Hawk's Worried Blues - The first instrument of the blues is the voice. The music comes from the human spirit, and my purpose in stepping out with an a capella song to close the album is to remind folks that, for me, the blues ain't about the guitar, harmonica, sax, etc., it's about the human experience. Lift your voice and sing about it, tell your story, whether or not you have a "good" voice, and you'll feel a whole lot better.
With over 40 years of performing experience, Michael "Hawkeye" Herman exemplifies the range of possibilities in acoustic blues, and personifies versatile musicianship, originality, and compelling artistry as a blues storyteller. His dynamic performances have won him a faithful following, and he leads a very active touring schedule of performances at festivals, concerts, school programs, and workshops. Hawkeye performs a wide variety of traditional blues, ballads, swing, and original tunes, on six-string and twelve-string guitar, and is an adept and exciting practitioner of slide guitar and slide mandolin. His music has been included in video documentaries and in three hit theatrical productions, and his solo CD, Blues Alive!, released in 1998, was greeted by rave reviews and greatly increased the demand for his live performances at major blues and folk festivals. His newest CD, It's All Blues To Me!, was released in May of 2005.

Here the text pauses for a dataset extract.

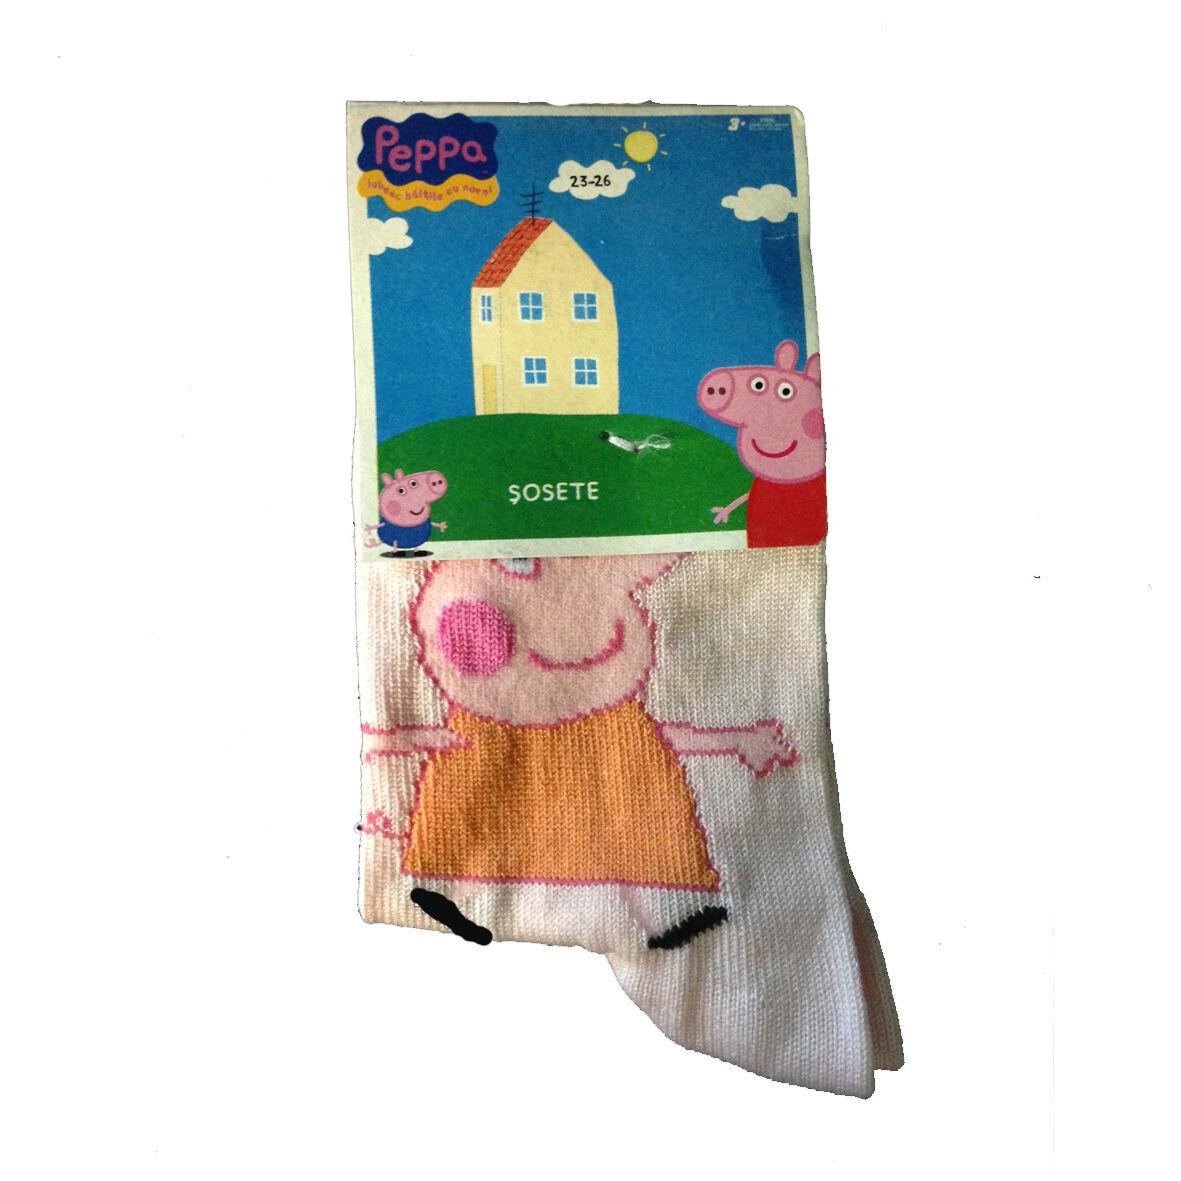 PEPPA PIG Calzini lunghi rosa confetto 80%cotone 15%poliammide 5%elastan da bam

Hawkeye was born in Davenport, IA, on January 11th, 1945. As a teenager, he discovered a broad variety of blues music in late night radio broadcasts from Memphis, Shreveport, Dallas, New Orleans, Little Rock, Chicago, Detroit, and other points beyond the Iowa/Illinois Quad Cities, in the upper Mississippi River Valley area where he was growing up. Hawkeye got his first guitar in 1959, at the age of fourteen, and was performing two years later. Seeking to broaden his musical horizons, he relocated in the San Francisco Bay area in 1968. He sought out, and learned at the feet of many icons of the blues, including: Son House, Brownie McGhee, Bukka White, Mance Lipscomb, Furry Lewis, Lightin' Hopkins, John Jackson, K.C. Douglas, and Sam Chatmon. He became a staple in the Bay Area blues scene as both a solo artist and a back-up guitarist and worked with Charles Brown, Haskell "Cool Papa" Sadler, Sonny Rhodes, Jimmy McCracklin, Buddy Ace, Charles Houf, Little Joe Blue, Boogie Jake, and many others.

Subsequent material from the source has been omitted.